To activate, the dome-shaped cap was unscrewed and pulled with a coiled pull-cord that is pulled before throwing. The color of the cap indicated the burning time of the type of fuze fitted. Typically, a delay of around four seconds was used. It could also be used in place of the bottom side screw cap on the "Stielhandgranate" stick grenades.

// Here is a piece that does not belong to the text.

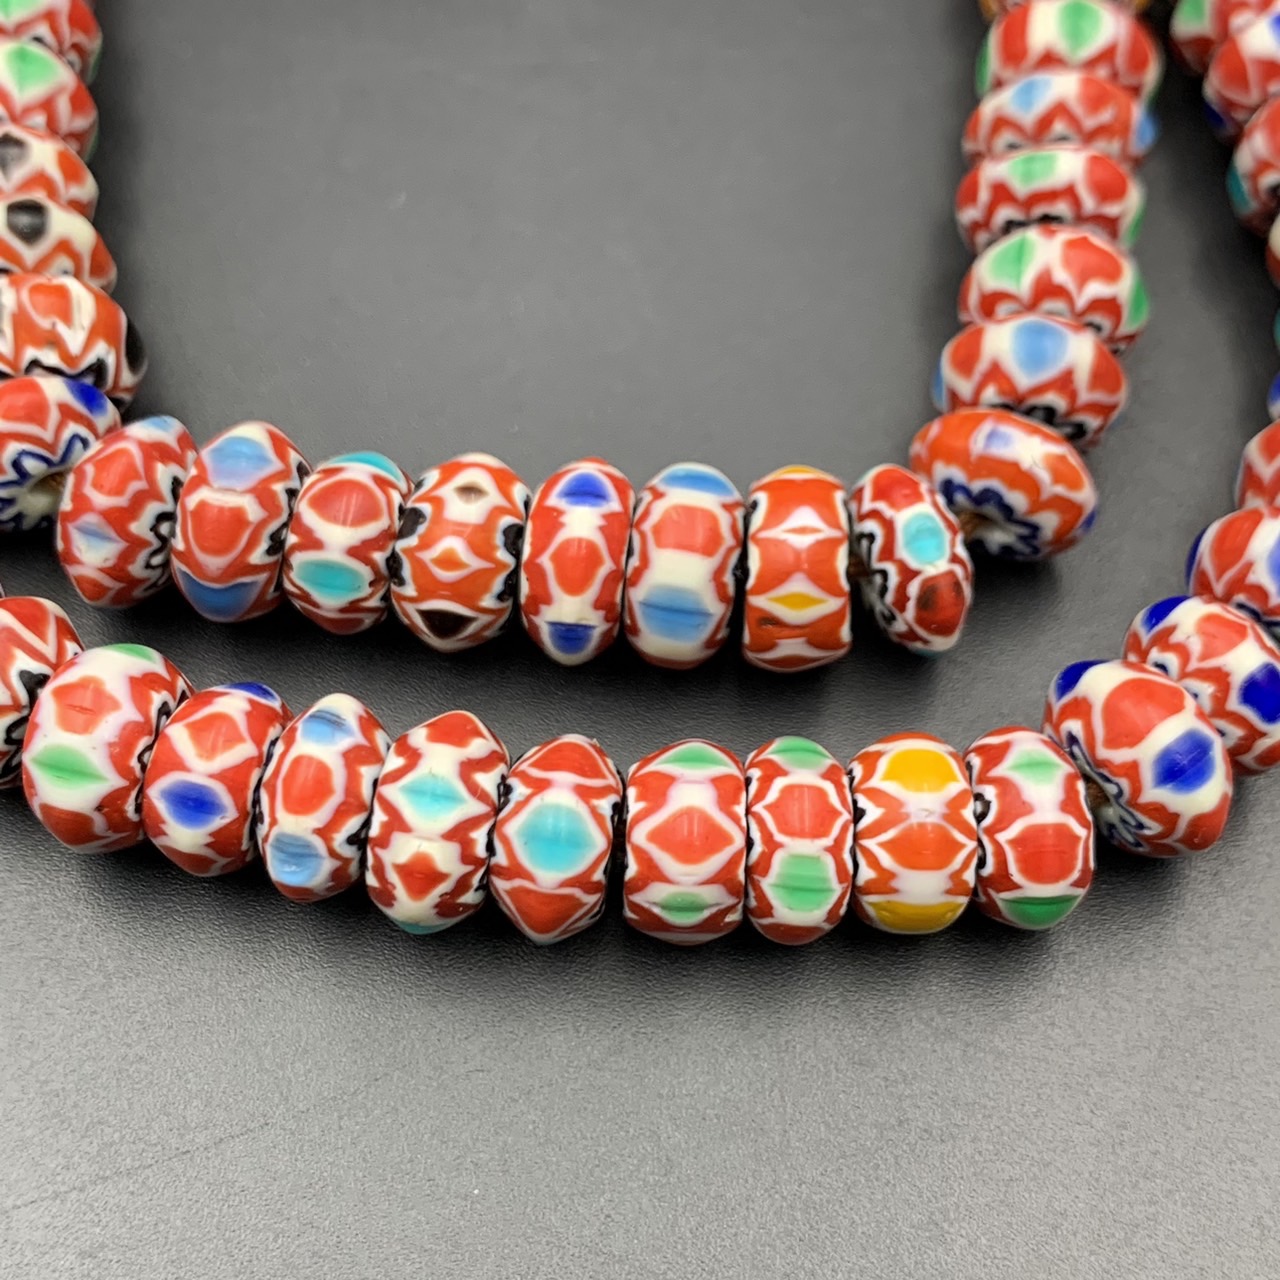 Wonderful Tiny Vintage Chevron Trade African Glass Beads Strand, LPBR-0311 - Image 6 of 11
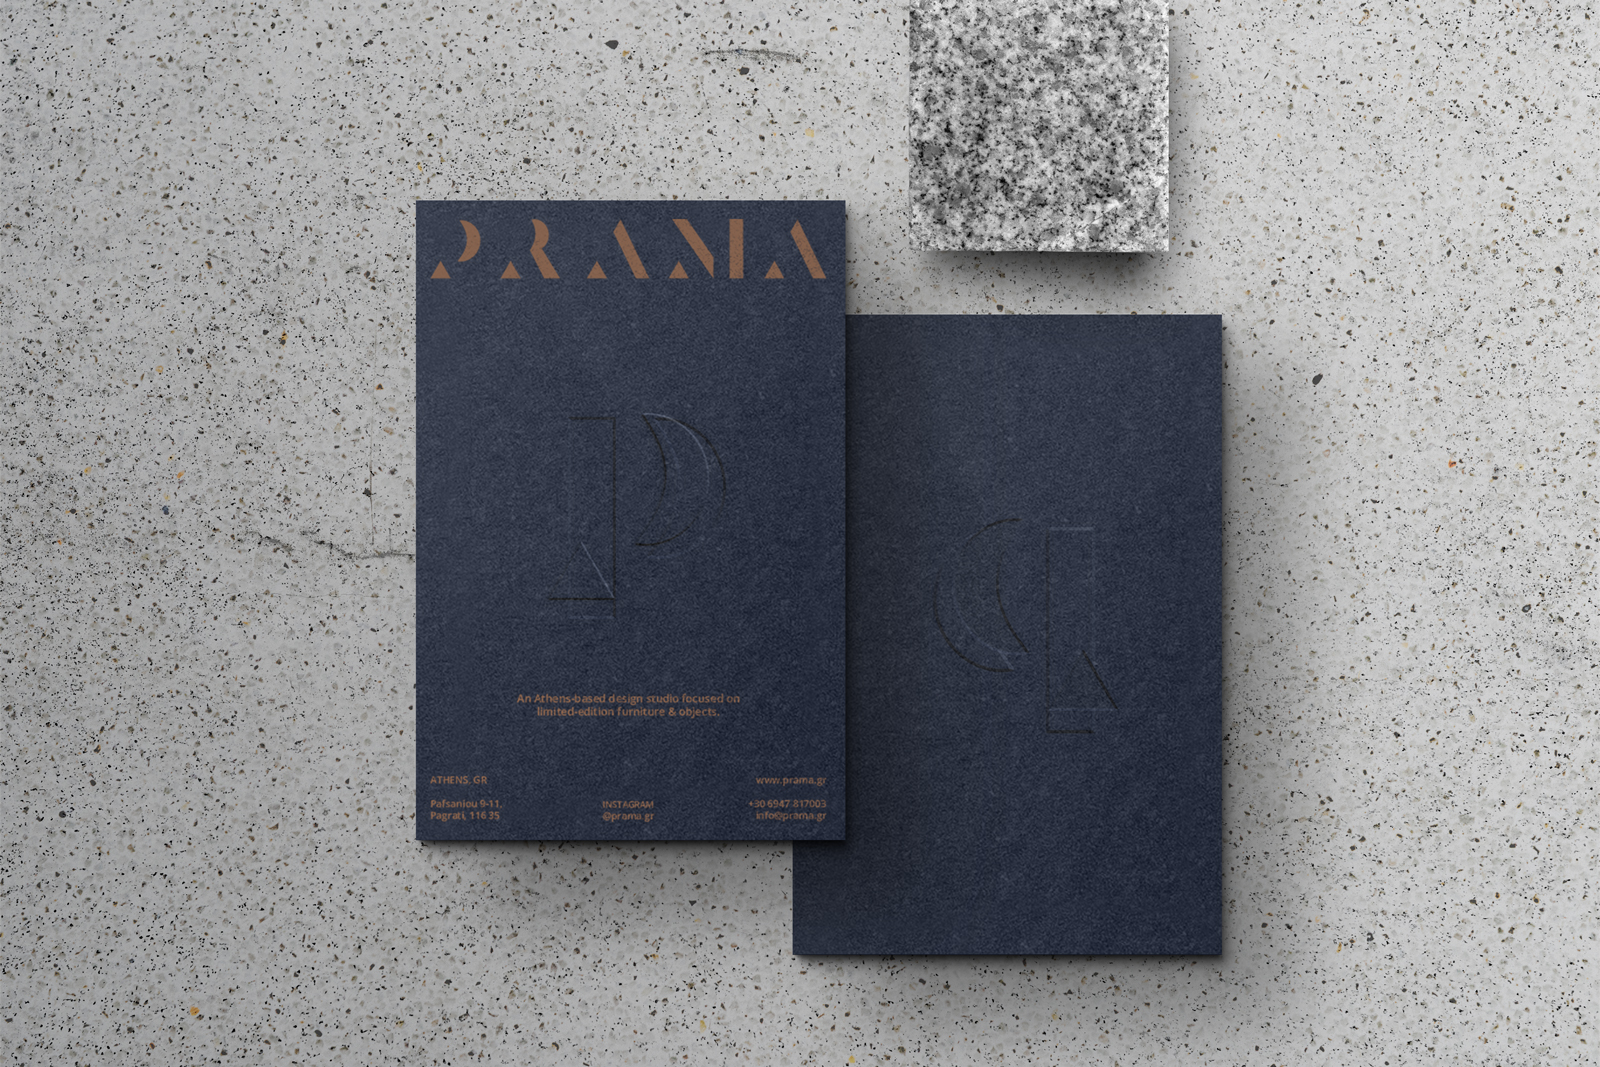 Archisearch The creative team PRAMA, presents on Thursday, June 22, at 19:00 in its showroom in Pagrati its first collection of objects under the name

If it was to be used as a fixed booby-trap then an instantaneous or one-second fuse would be fitted. Sometimes, this style of grenade would be discarded in plain view for the enemy to use, particularly on the Eastern Front and in the Western Front. They were used in France as part of Erwin Rommel's asparagus. Obstacles, such as wooden poles, were used to hinder airborne landings, which could tear the wings of gliders and also kill the soldiers inside as these poles were connected with wires to either these grenades or S-mines (Bouncing Betty) against paratroopers. Later in Italy they would also be used as booby traps to slow down Allied advances on the Italian peninsula, in ambushes or in street fighting and as traps for the Italian Partisans when they raided German supplies and weapon caches. Another type of trap was to wire a short-fuse grenade to a door-frame in an abandoned building with the pull-cord attached to the door. When the door was breached by opposing troops the grenade would detonate right next to the enemy.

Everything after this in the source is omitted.